A potential QE would be reminiscent of the aggressive monetary interventions of 2008 and 2020. For crypto, the implications could be enormous, with many traders bracing for a potential V-shaped recovery and a historic rally if QE is revived.
Analysts Share Signals Why the FED Could Act
Analysts have shared reasons that could prompt the Fed to intervene, with one citing the MOVE Index. This is Wall Street’s “fear gauge” for the bond market. At 137.30, the index is currently within the 130–160 range where the Fed has historically acted during crises.
“Now it’s at 137.30, in the 130–160 range where the Fed might step in, depending on the economy. If they don’t, they’ll still cut rates soon because they have to refinance the debt to keep the Ponzi going,” wrote Vandell, co-founder of Black Swan Capitalist.

This signal aligns with other warning signs of financial instability, including global market sell-offs that set the tone for the crypto black Monday narrative. This prompted the Fed to schedule a closed-door board meeting on April 3.
According to analysts, this timing was not random, with mounting pressure likely to see the Fed cave and President Trump having his way.
“With the Fed hinting at QE, everything changes Risk: Reward is now in favor of the bulls. Watch for choppy price action, but do not miss the recovery rally. And remember… it’s easier to trade this market than to hold through it,” said Aaron Dishner, a crypto trader and analyst.
This suggests that investors are reading between the lines, particularly with the Fed’s next scheduled policy decision not until May 6–7. JPMorgan recently became the first Wall Street bank to forecast a US recession amid Donald Trump’s proposed tariffs, adding urgency to the conversation.
The bank suggests the Fed may be forced to act sooner, possibly with rate cuts or even QE, before the scheduled FOMC meeting. Against this backdrop, crypto investor Eliz shared a provocative take.
“I honestly think Trump is doing all this to speed up the Fed’s process to lower rates and QE,” they noted.
That may not be far-fetched given that the Fed must also manage over $34 trillion in federal debt. Noteworthy, this becomes harder to service at higher interest rates. According to Polymarket, there is now a 92% chance the Fed will cut rates at some point in 2025.
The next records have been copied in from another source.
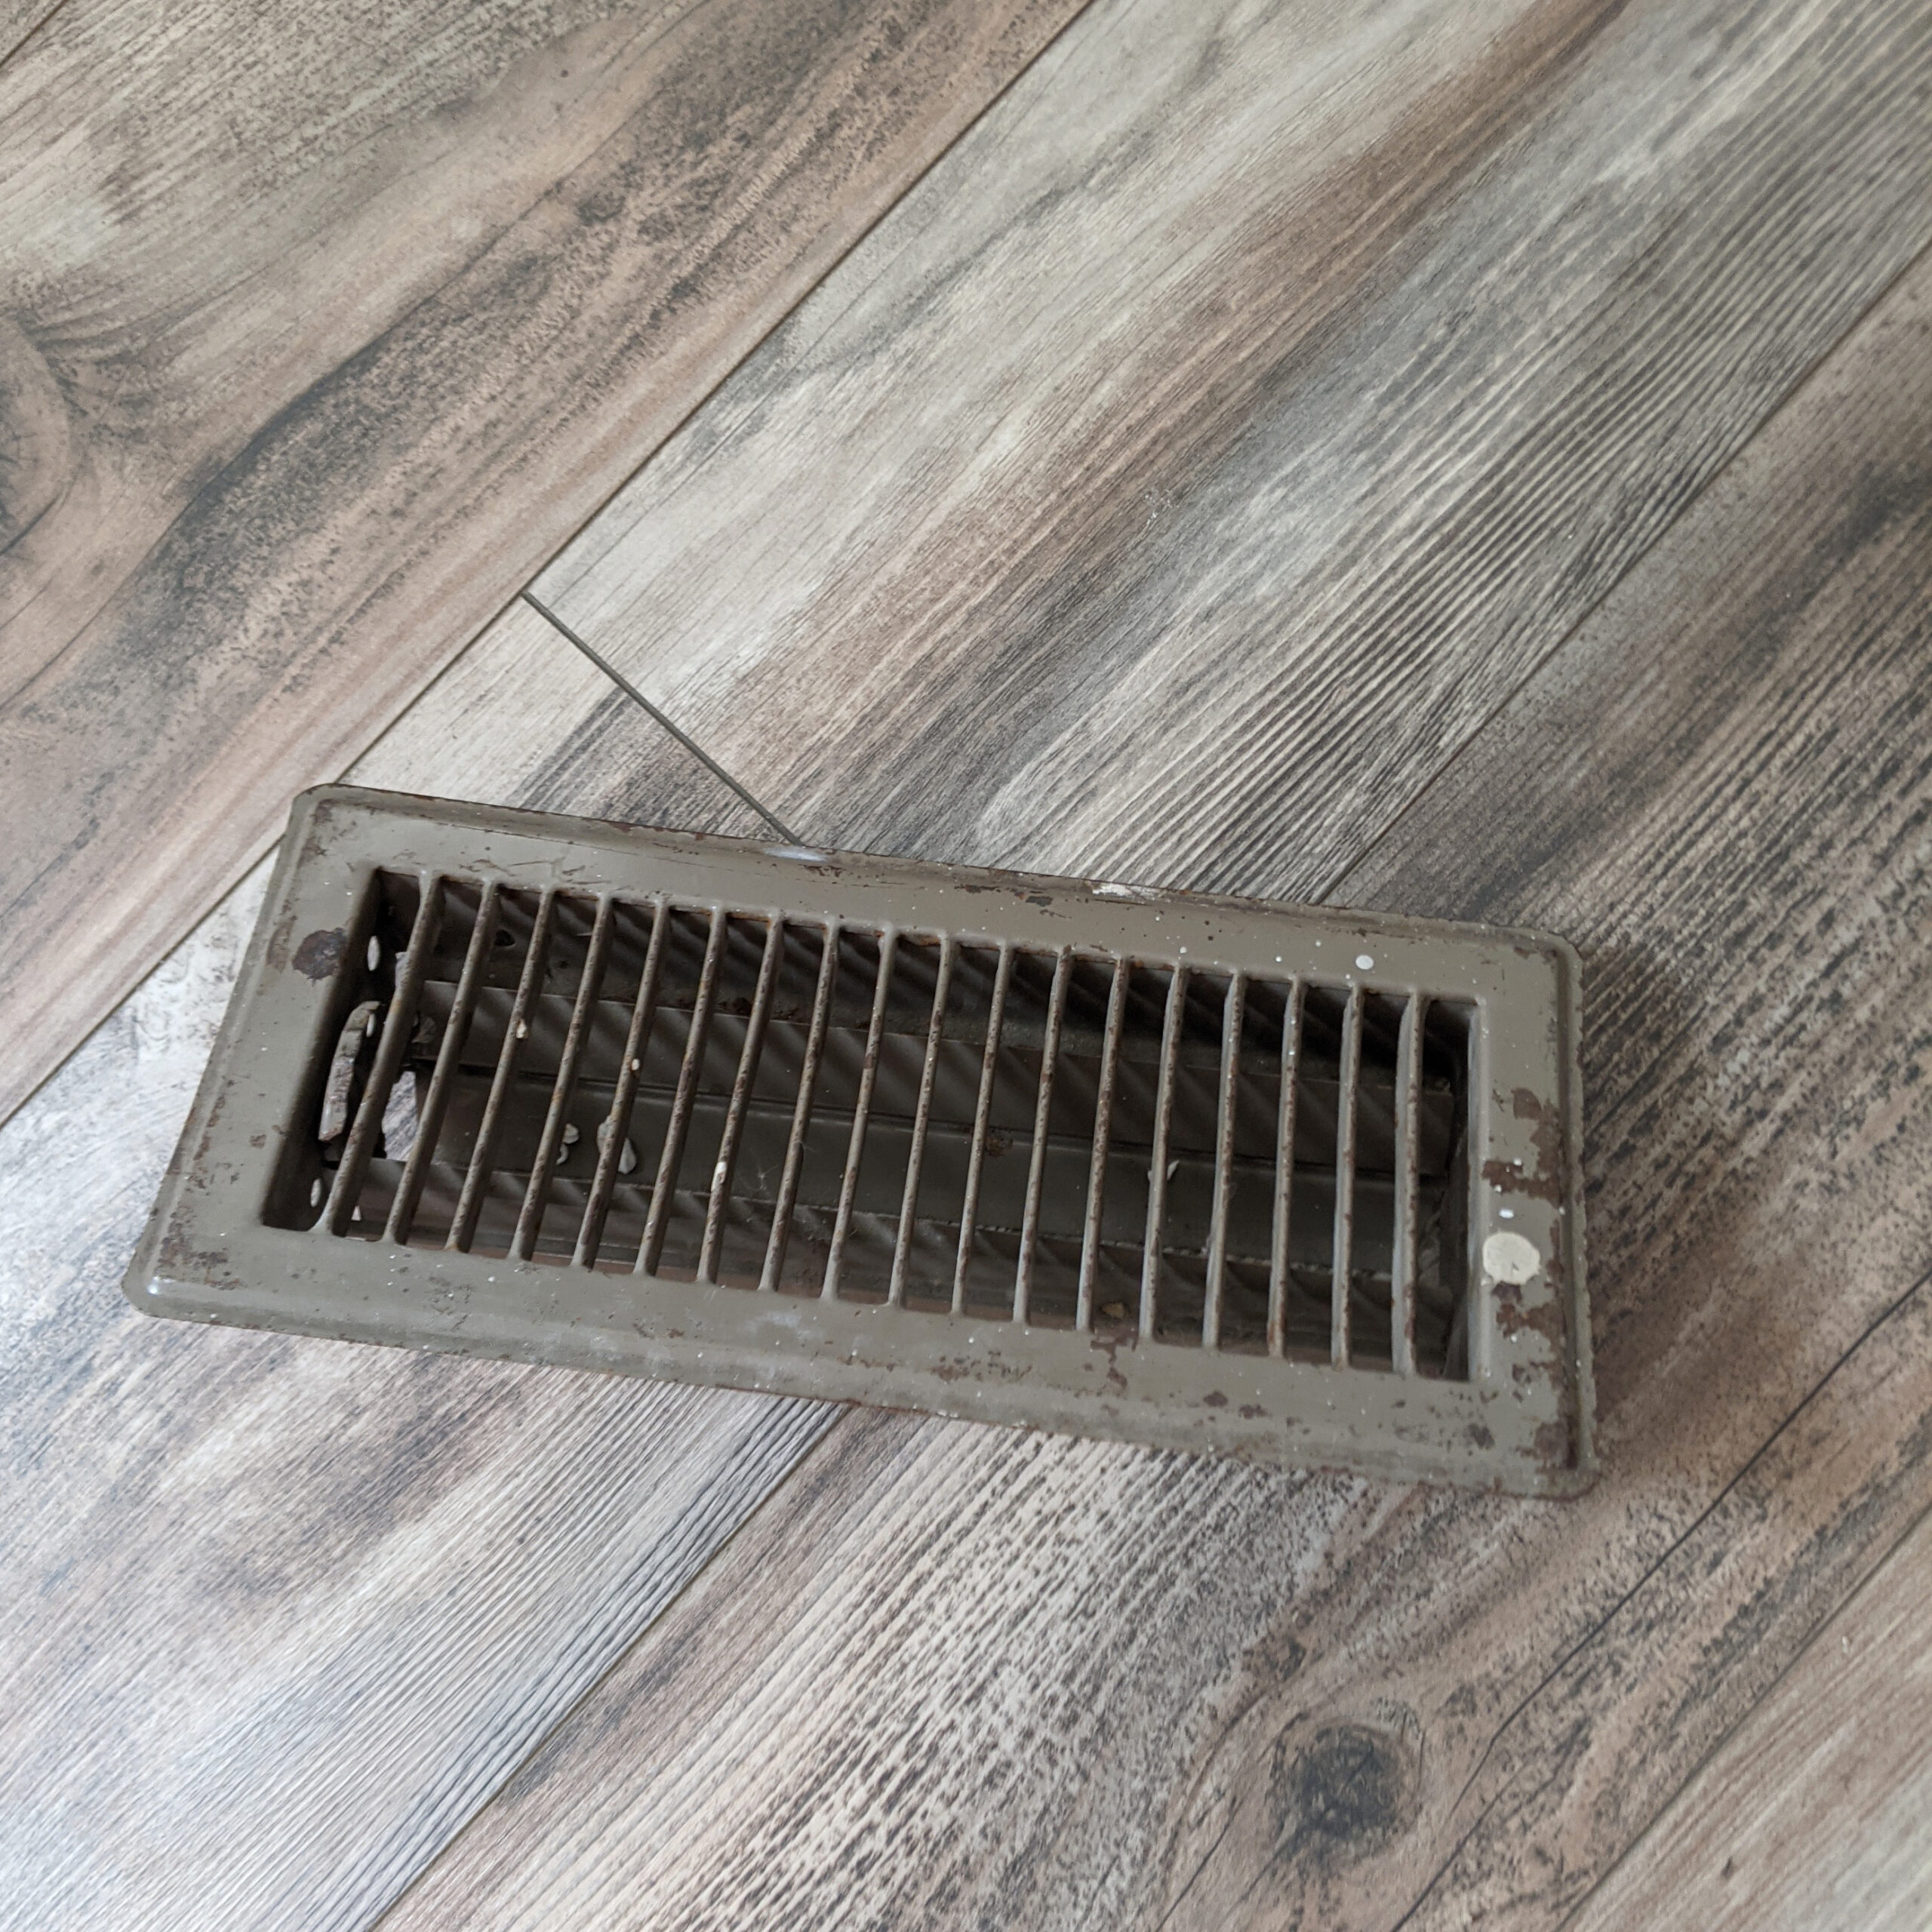 rusted heater vent grille in my home.
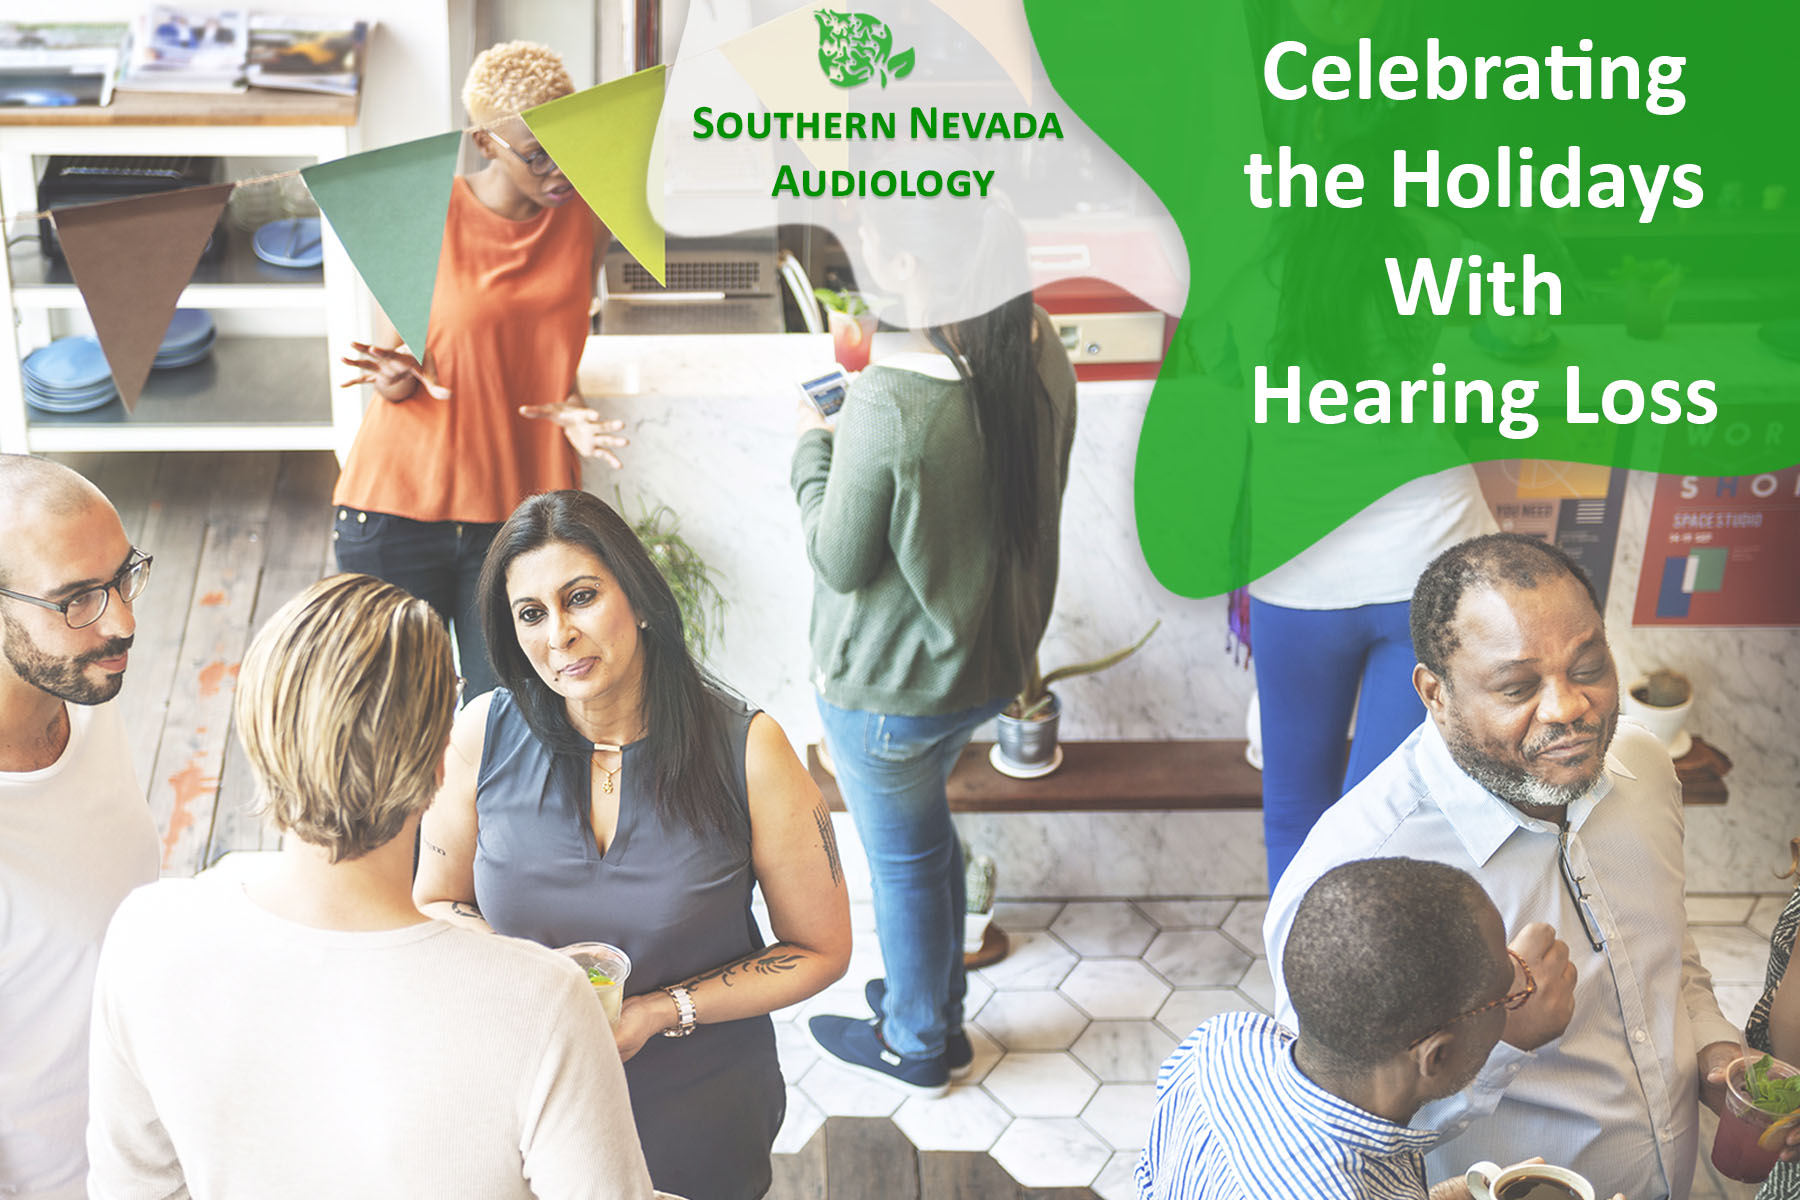 Celebrating the Holidays With Hearing Loss
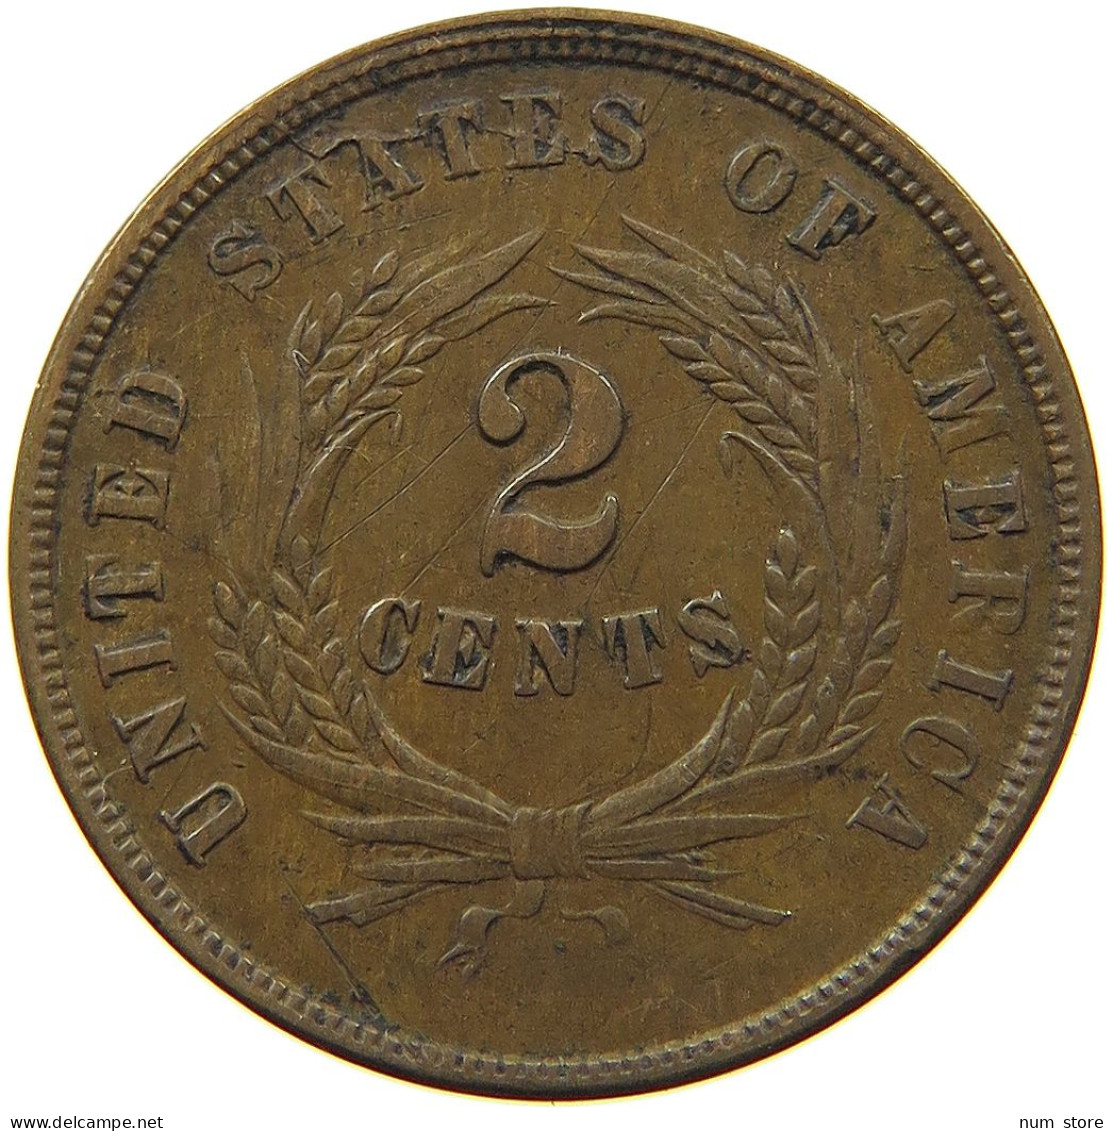 UNITED STATES OF AMERICA 2 CENTS 1864 WEAK STRUCK 1864 #t116 1017 - 2, 3 & 20 Cent
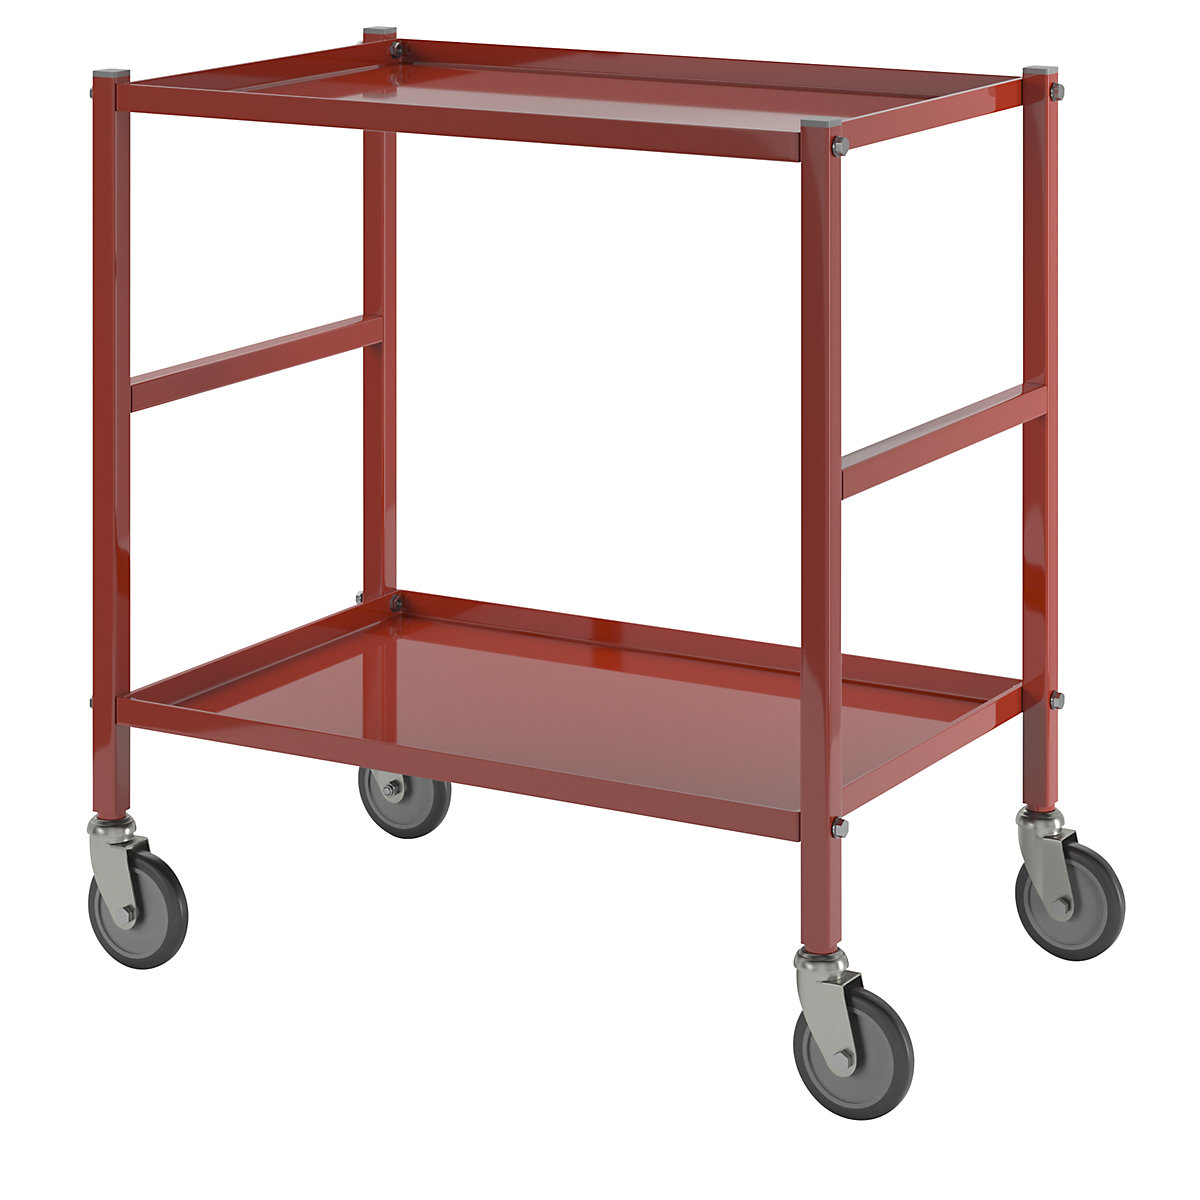 Table trolley with 2 shelves – Kongamek
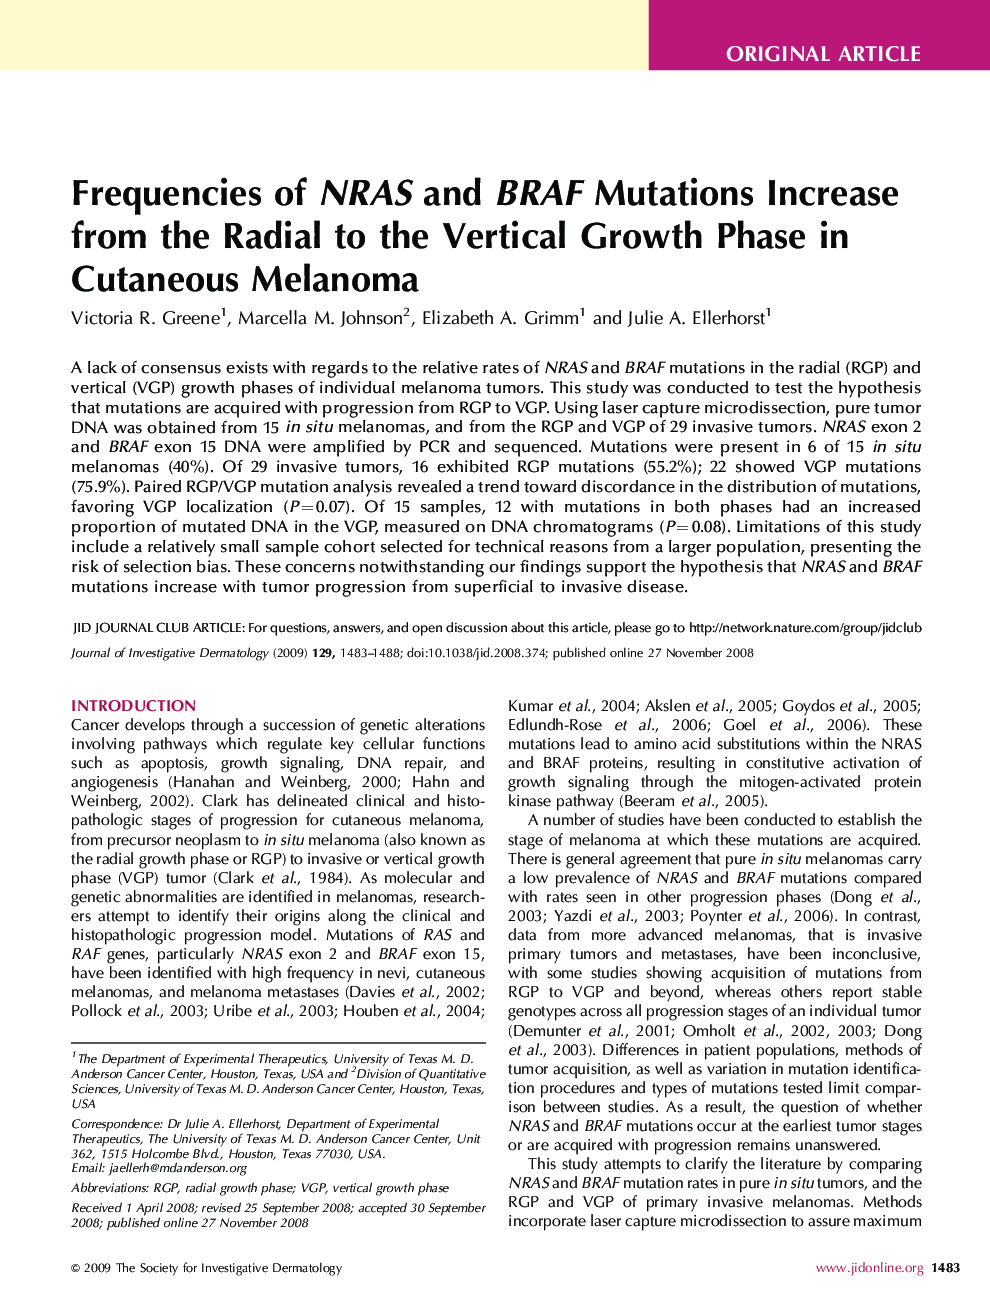 Frequencies of NRAS and BRAF Mutations Increase from the Radial to the Vertical Growth Phase in Cutaneous Melanoma

Why Crypto Could Benefit From QE
Should QE materialize, history suggests crypto could be one of the biggest beneficiaries. BitMEX founder and former CEO Arthur Hayes predicted that QE could inject up to $3.24 trillion into the system, nearly 80% of the amount added during the pandemic.
“Bitcoin rose 24x from its COVID-19 low thanks to $4 trillion in stimulus. If we see $3.24 trillion now, BTC could hit $1 million,” he said.
This aligns with his recent prediction that Bitcoin could reach $250,000 by year-end if the Fed shifts to QE to support markets.
Analyst Brett offered a more measured view, noting that QE typically follows rate cuts rather than precedes them.
“We’re likely going to see rate cuts through mid-2026…like in 2008 and 2020, Powell has said QE doesn’t come until rate cuts are complete,” Brett explained.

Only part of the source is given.